> Data block:

_ _ _ _

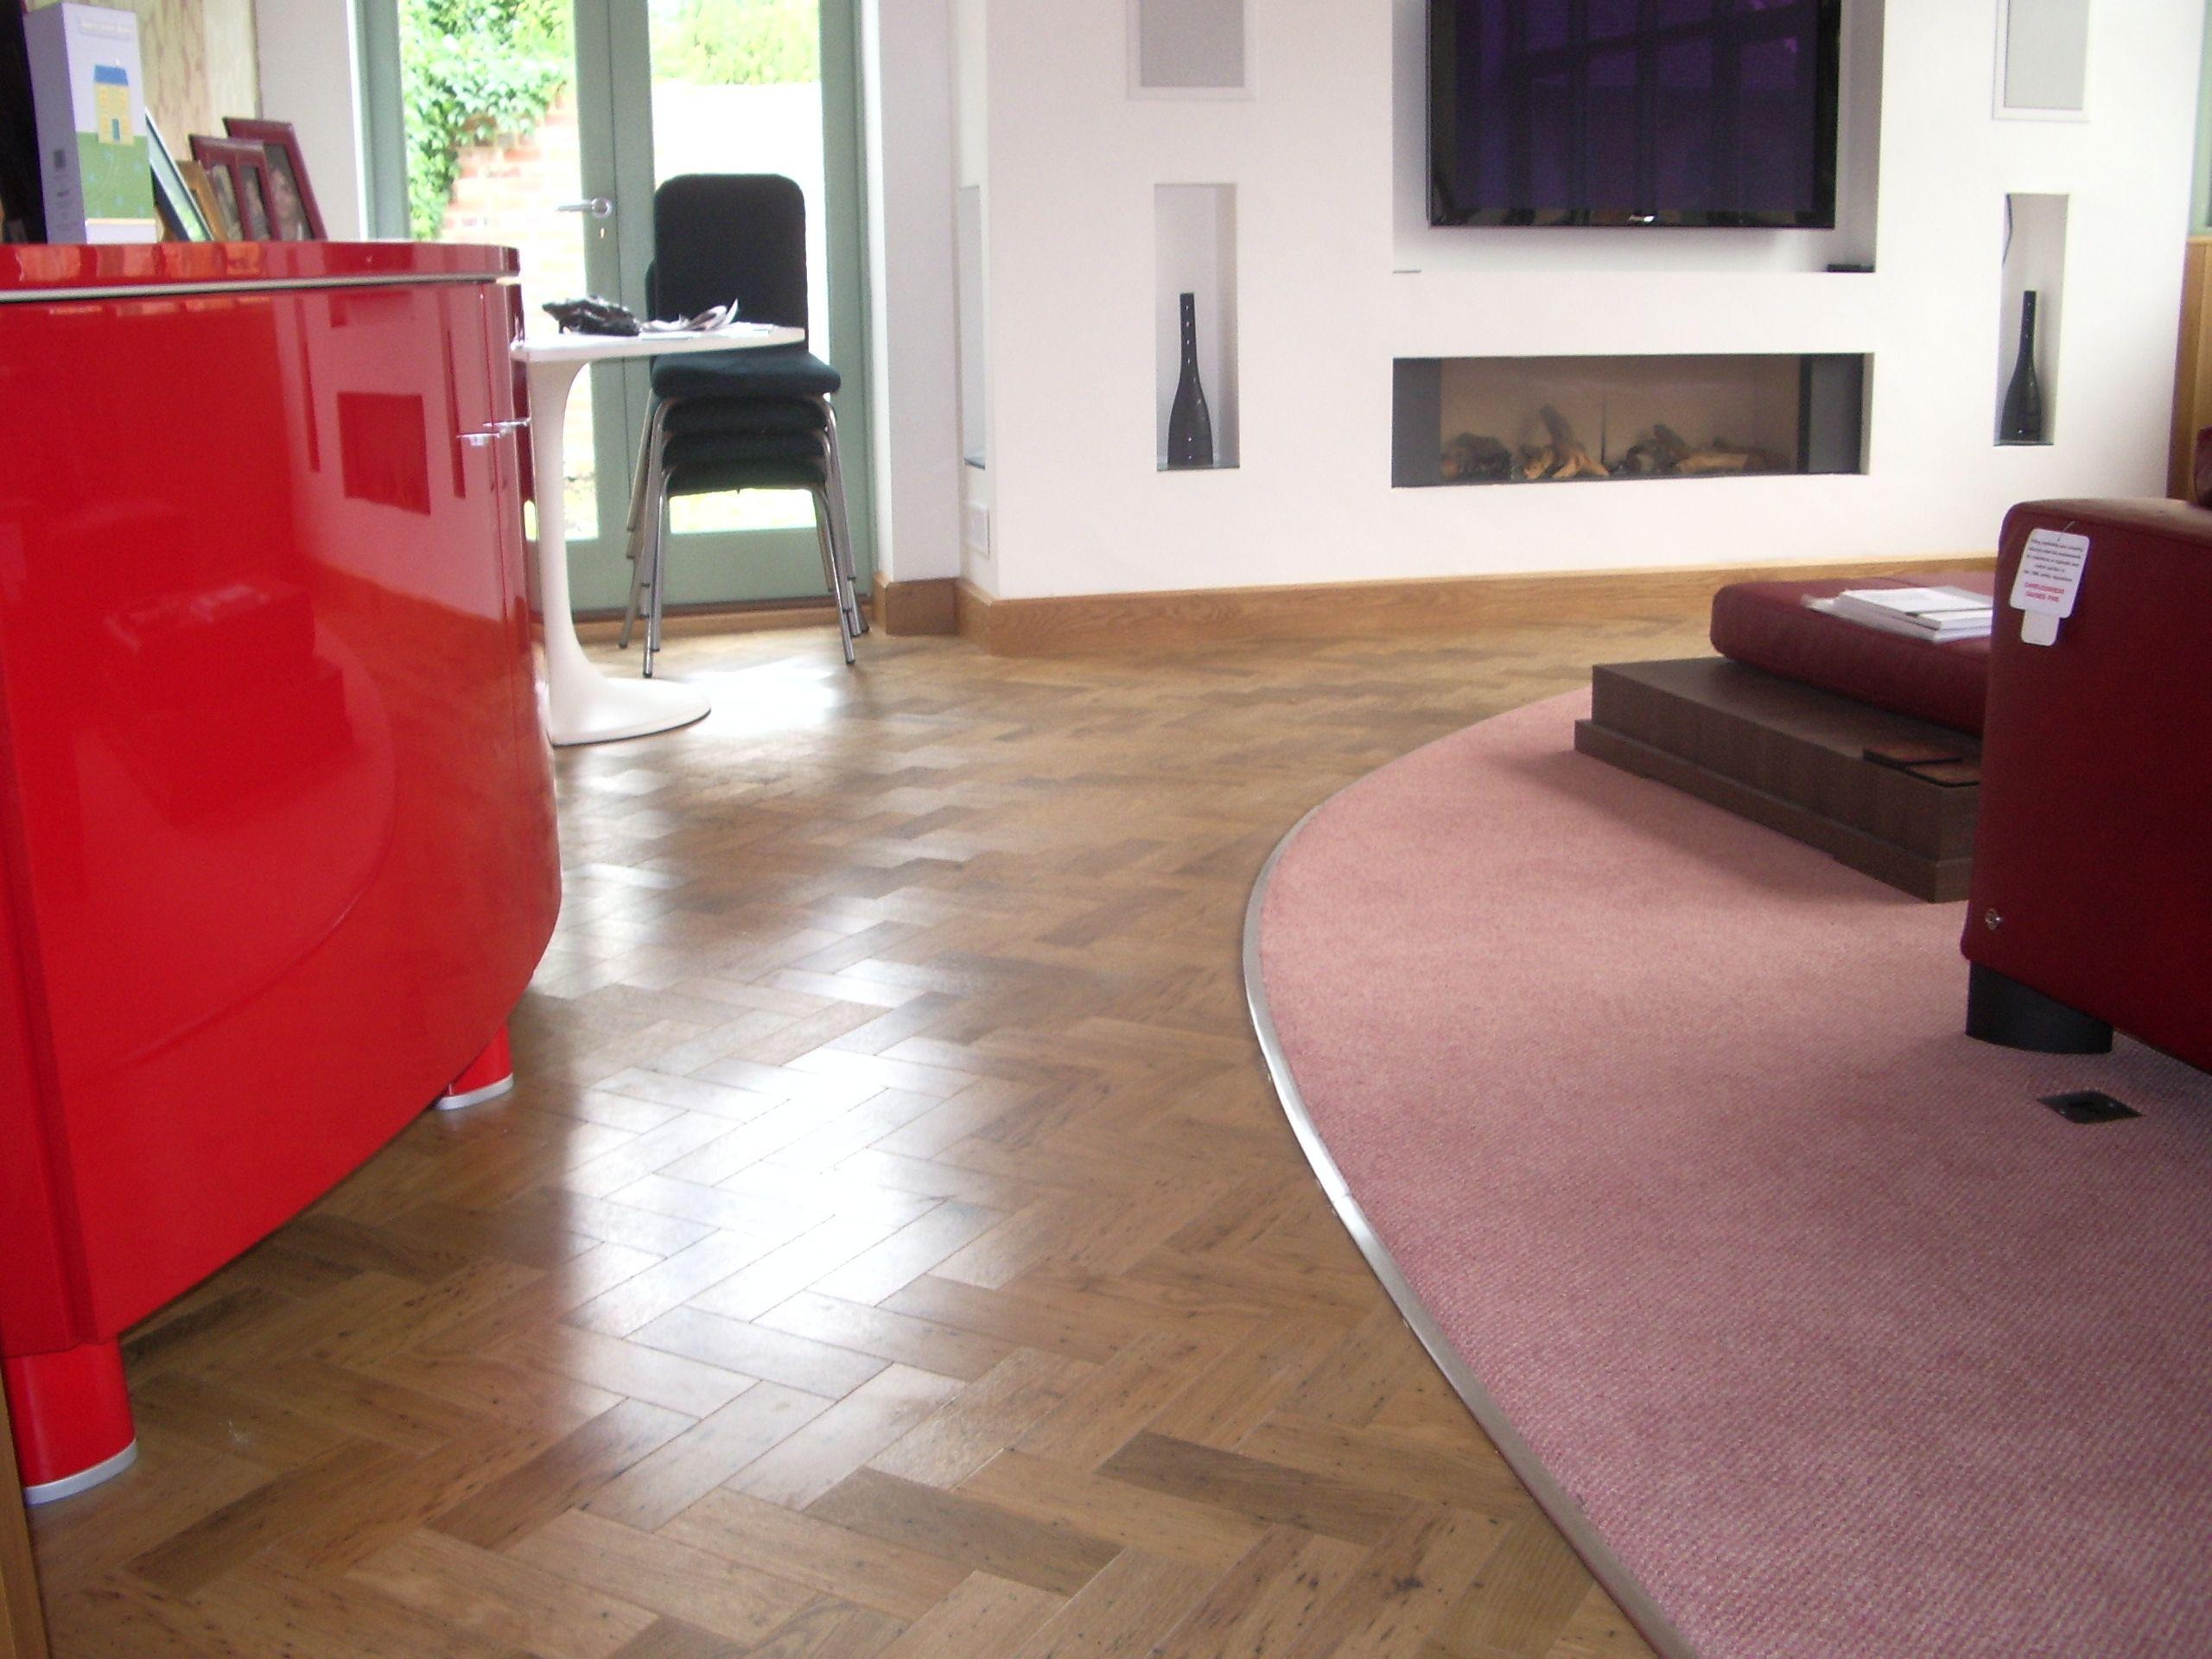 highmoon and nongzi co l flooring carpet floor
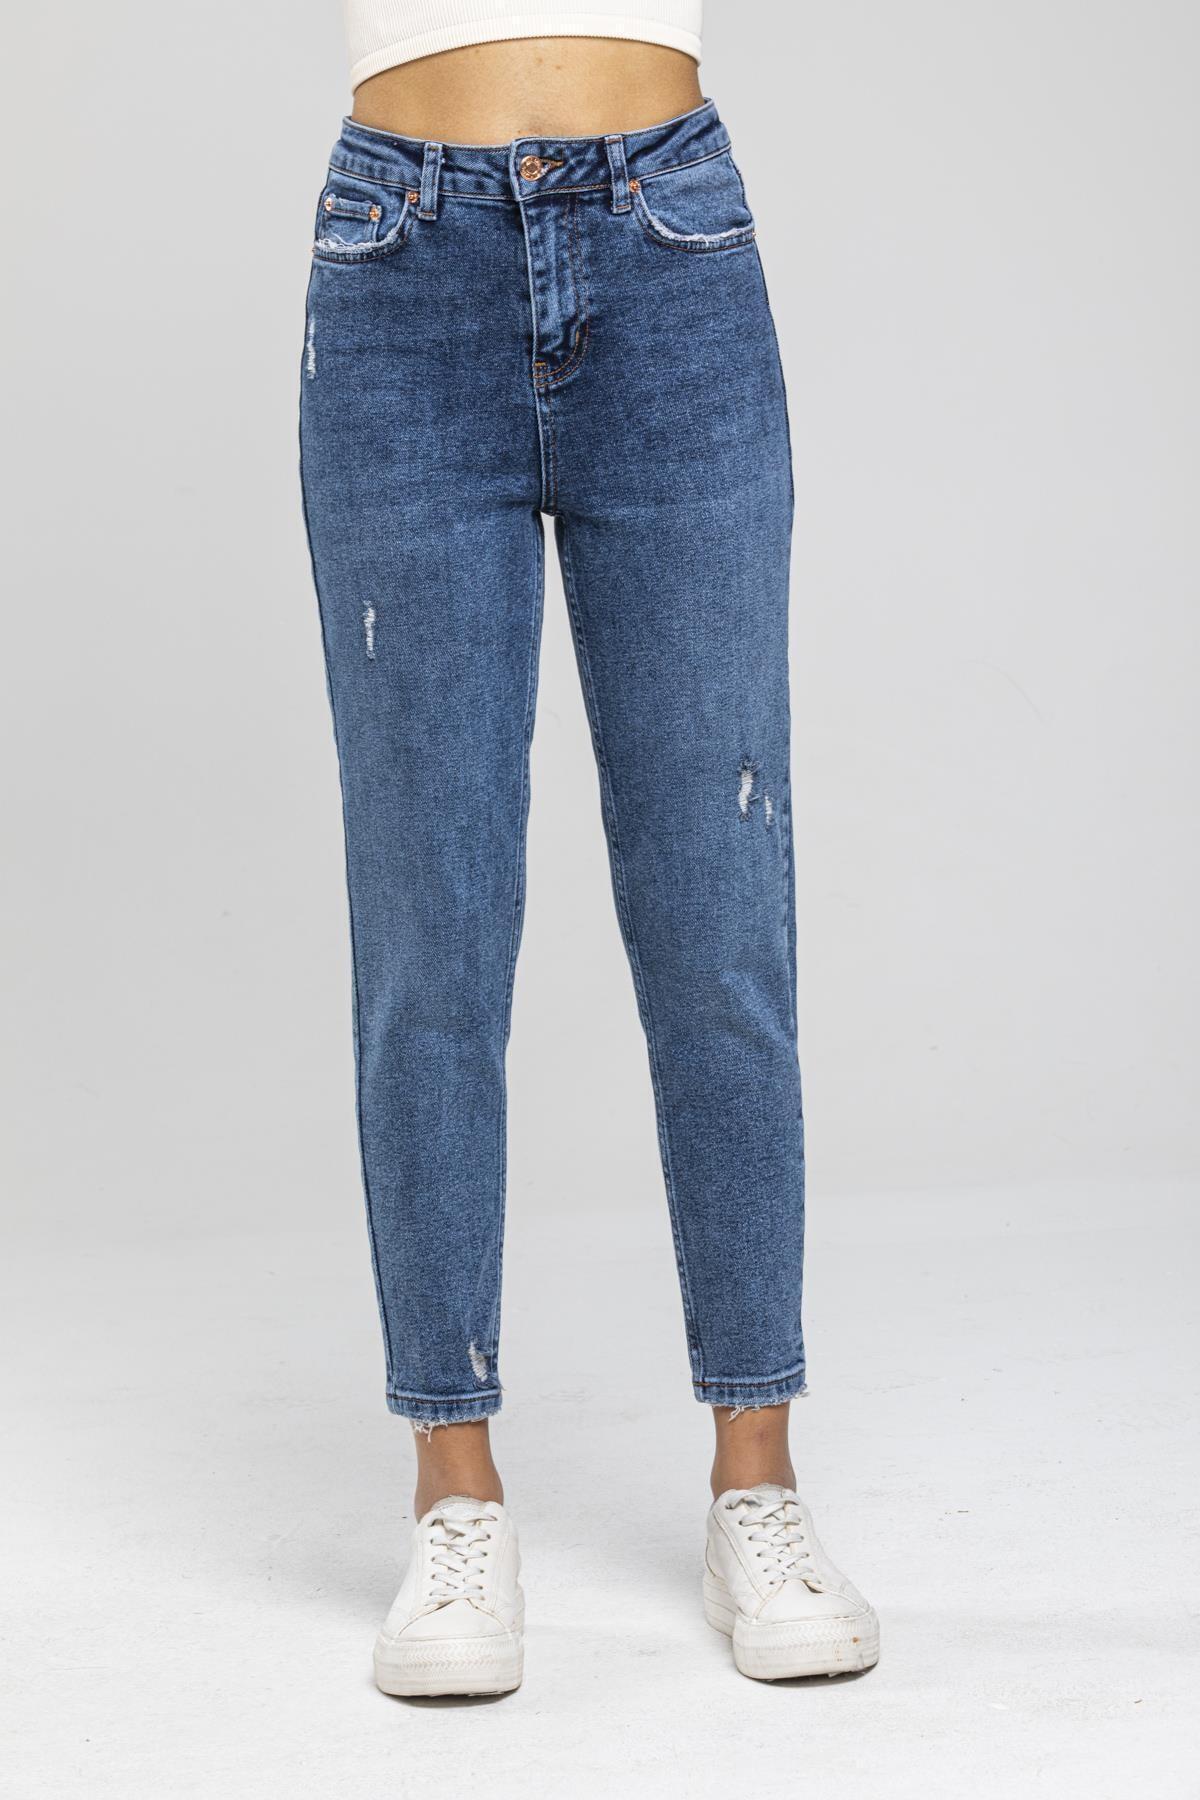 FAF Yüksek Bel Jean Açık Mavi Mom Fit Kot Pantolon 2285 2
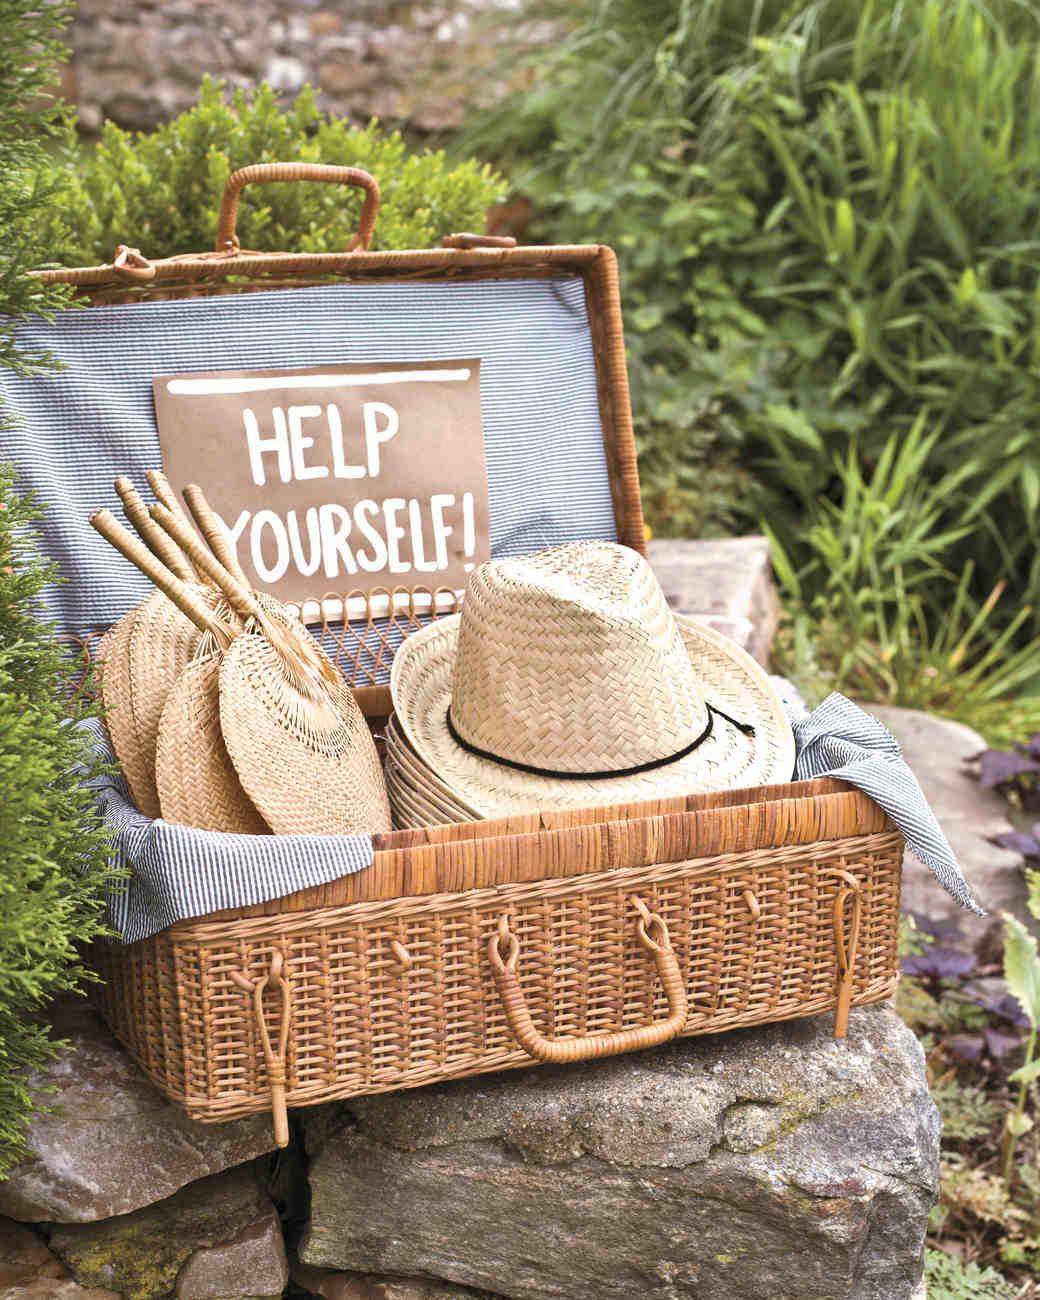 wicker-suitcase-panama-hat-details092-mwd106246.jpg

_ _ _ _

Every line of the material must be repeated exactly; pictures stay out.

> Answer space:
 highmoon and nongzi co l flooring carpet floor
 FAF Yüksek Bel Jean Açık Mavi Mom Fit Kot Pantolon 2285 2
 wicker-suitcase-panama-hat-details092-mwd106246.jpg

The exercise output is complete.